War Junkie by Jon Steele

Few people know the main players in Red October, the Russian parliamentary siege of 1993 and even fewer people know why in 1994 the Hutu Tribe went on a killing rampage of Tutsi civilians. The fact is that few people in the wider world really care. Jon Steele, however was at both of these places as well as several other world hotspots and tries to make small inroads into our wider ignorance by letting us know what it was actually like on the ground. The book is billed as “One Man’s addiction to the worst places on earth,” and for all intents and purposes it seems to live up to this rather vulgar publicist’s hype.

By way of background, the author was a cameraman for a major British broadcaster at the time of the conflicts at hand. Having lived in Russia (and presently Jerusalem according to the cover) he was sent on assignment to some quite interesting places. It was for this reason and not the over-hyped and overdone “adrenalin junkie” cliché that was being pushed by the promotion surrounding the book, that I found myself reading it.

A first person account of dangerous places at dangerous times often makes for an exciting read and this book certainly seems no exception. Gunfights, drugs, sex – this book has all the ingredients of a non-fiction Wilber Smith novel. It does however, lack any deeper attempt to give the reader an understanding of the places involved and why they had come to such perilous predicaments. Steele is obviously an experienced and adept traveler and he employs his experience well to give an exciting account of the “worst places on earth,” often mixed in with the black humor that only travel to such places can foster. His account at being left at the mercy of a crowd of pissed off civilians in Rwanda is genuinely terrifying and is laced with the kind of funniness that could only be realised after such a frightening experience.

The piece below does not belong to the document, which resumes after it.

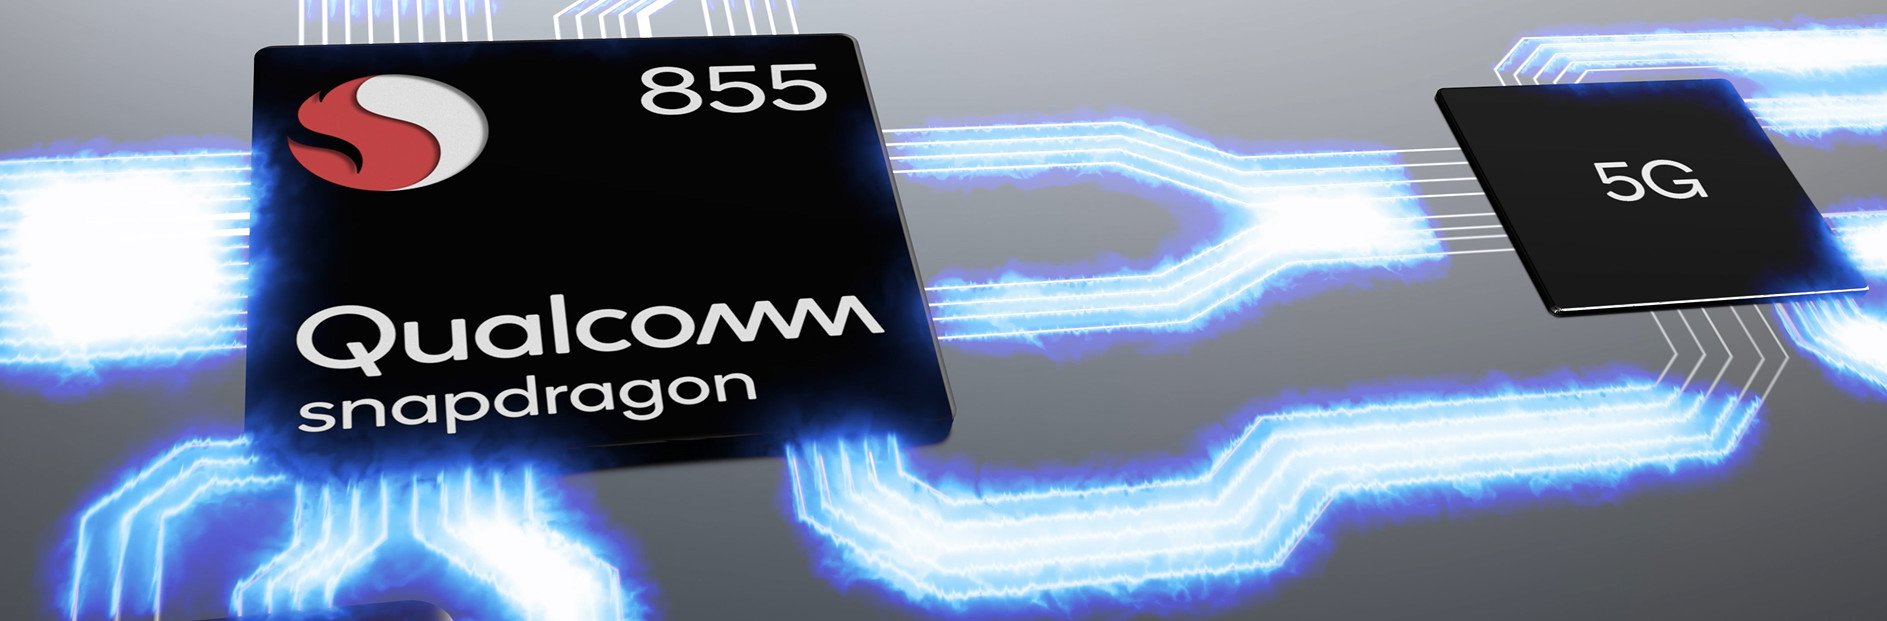 Qualcomm Snapdragon 855 and 5G
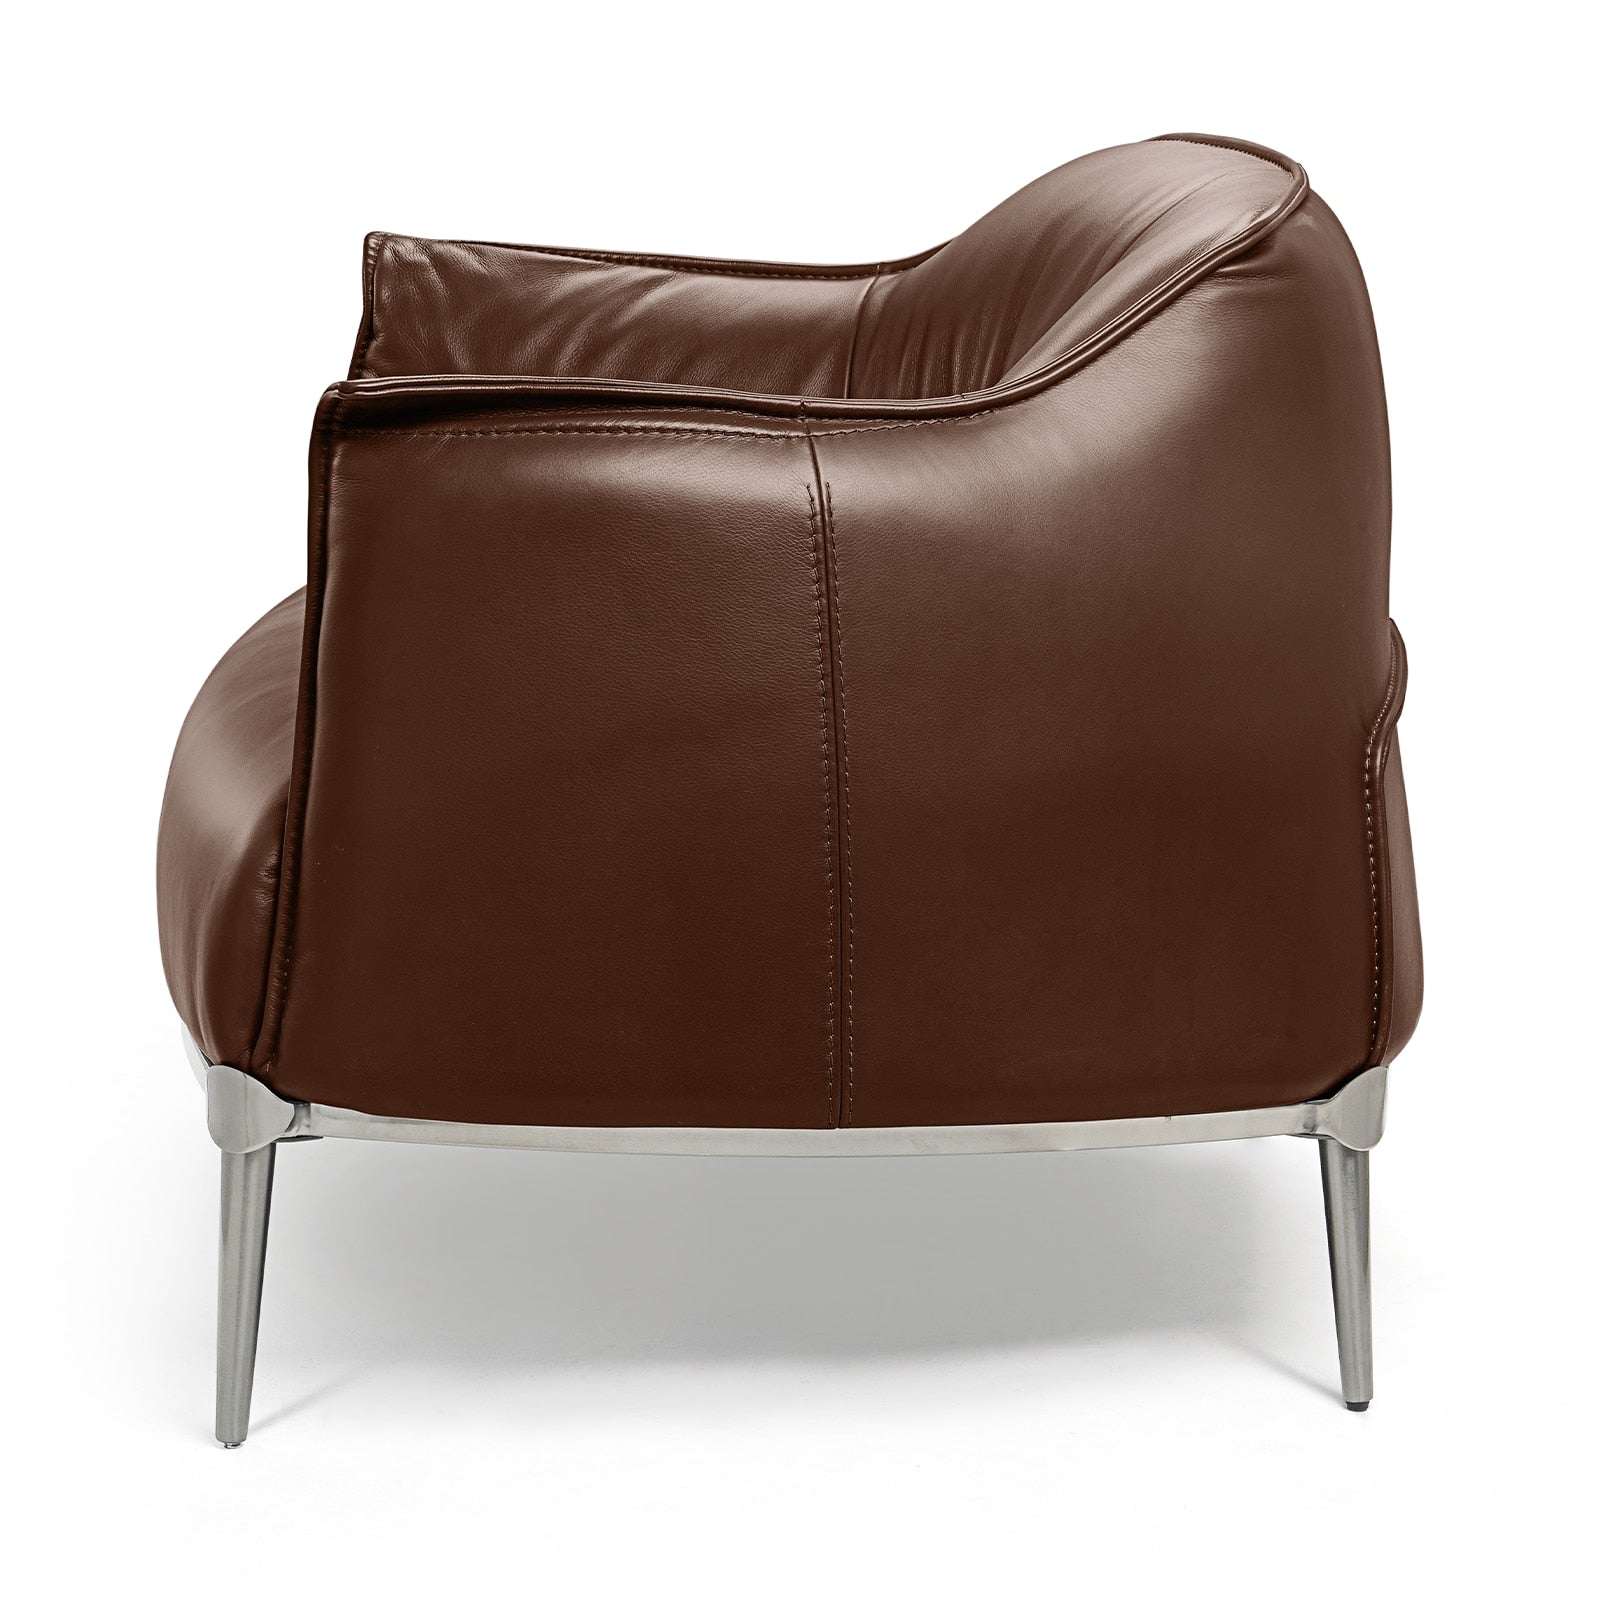 Arthia Designs - ARCHIBALD Leather Armchair by Jean-Marie Massaud - Review

Nor is the genuine tragedy of the people living in such places lost in the writing of the author. Steele doesn’t miss too many opportunities to remind the reader of the almost comically despairing situations of the people living in these places. The child dead by the handy-work of a sniper in Bosnia while playing on the street or the bodies upon bodies rotting in the heat of Africa. Each place has its own personal tragedies. But once again a more thorough understanding of how they all came to be in these predicaments would have been a great asset to the story.

War Junky is not without its drawbacks. The opening chapter detailing Steele’s own mental breakdown comes across as a superfluous way to start the book. It is also an indicator of the style of reflection that comes later in the prose with intermittent monologues at timely intervals of the story. I must admit to having stopped reading the book after a few chapters as I was finding it difficult to stomach the author’s self-reflection though this is certainly a personal bias. Once I resumed reading, I regretted having put the book down, as Steele saves his better writing for the second part of the book.

His accounts of these places is, at most times, quite engrossing, even if the adrenalin junkie thing is a tad overdone. However, for anyone who has in interest in travel to dangerous destinations, this is certainly a book that deserves a read.